The Sharing Knife: Legacy by Lois McMaster Bujold

I love Lois McMaster Bujold. Just love her books, the complexity and the particular knack she has for writing a third act that pushes beyond what most authors would have taken for an end point, to see the larger repercussions. The Vorkosigan books are very dear to my heart, and while I've only read The Curse of Chalion from her main fantasy series, I loved that too. So when I saw this at the library book sale last year, I had to snap it up, even though it was second in a series, and there was no sign of the first book on the SF/F table.

More so than many of her other books, though, this was a difficult entry into the series. With the Vorkosigan books, I have picked up ones at different points in the series, and not had too difficult a time knowing where I was and what was going on, at least in broad strokes. But in this book, there's a lot of underlying assumptions that I still don't entirely get, and that made it harder to love the story the way I wanted to. I still ended up liking it, but it definitely does not feel as good as other books by Bujold I have read.

Also, I really should stop reading books from midway through series.
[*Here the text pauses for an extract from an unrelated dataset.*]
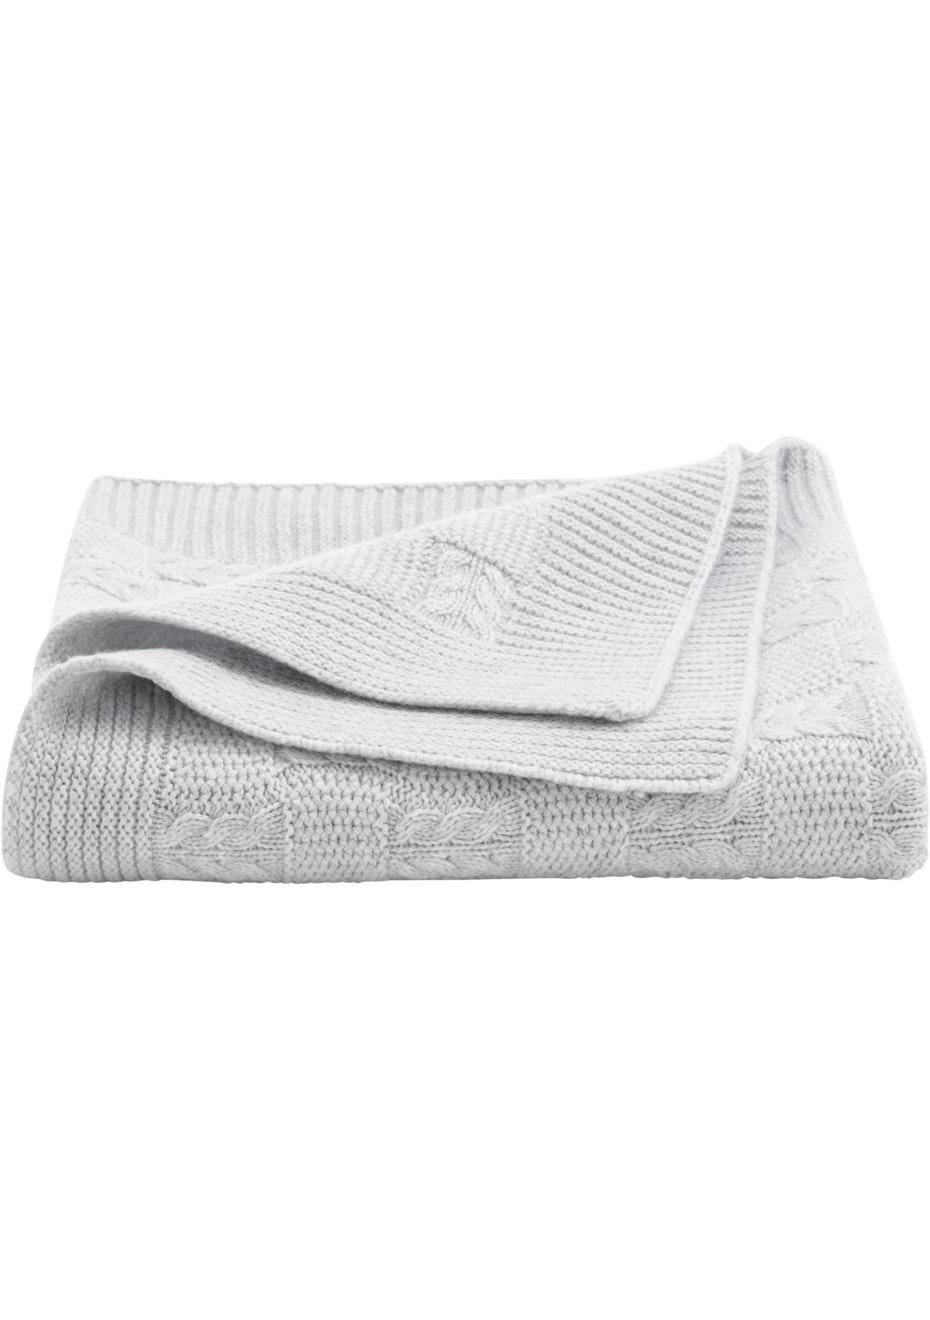 Sheridan - Callaghan - Wool Blend Pram Blanket 75cm x 100cm - Marl

I say that, but it's unlikely to happen.

As we start this book, a couple has just been married, and they're obviously from different worlds - she's a farming woman, he's a much older...uh, necromancer? Kinda? Patroller who kills abominations that spring up with the help of knives into which souls have been bound, anyway. Souls given voluntarily, I should add.

I am led to believe that this relationship was regarded with suspicion by Fawn's folk, but that they eventually, if grudgingly accepted it. That is nothing to the suspicion they are under as they return to the...Lakewalker? Is that the name? camp, where the main male character, Dag's, mother throws a fit, him out of the house, and everyone tells him just to send his farmer sidepiece back to her family, and that farmers can't even really marry - although Fawn and Dag are, through a magical binding that she shouldn't know how to do.

The book bounces between Fawn at the camp, and Dag as he's sent away to take care of one of the magical abominations, which is innovating in ways that are very worrisome to Lakewalkers and farmers alike. Fawn follows, eventually, and yet again is able to do things no one else thinks to do because she's not steeped in ways things "should" be done. But they come back to camp with suspicion still around them.

This is fine, as fantasies go. The people are complicated, and Bujold finds interesting answers, as she always does. It's just not as deep or as interesting as some of her other books, so while I didn't mind reading it, I'm not itching for the next one, as I usually am after finishing one of her works.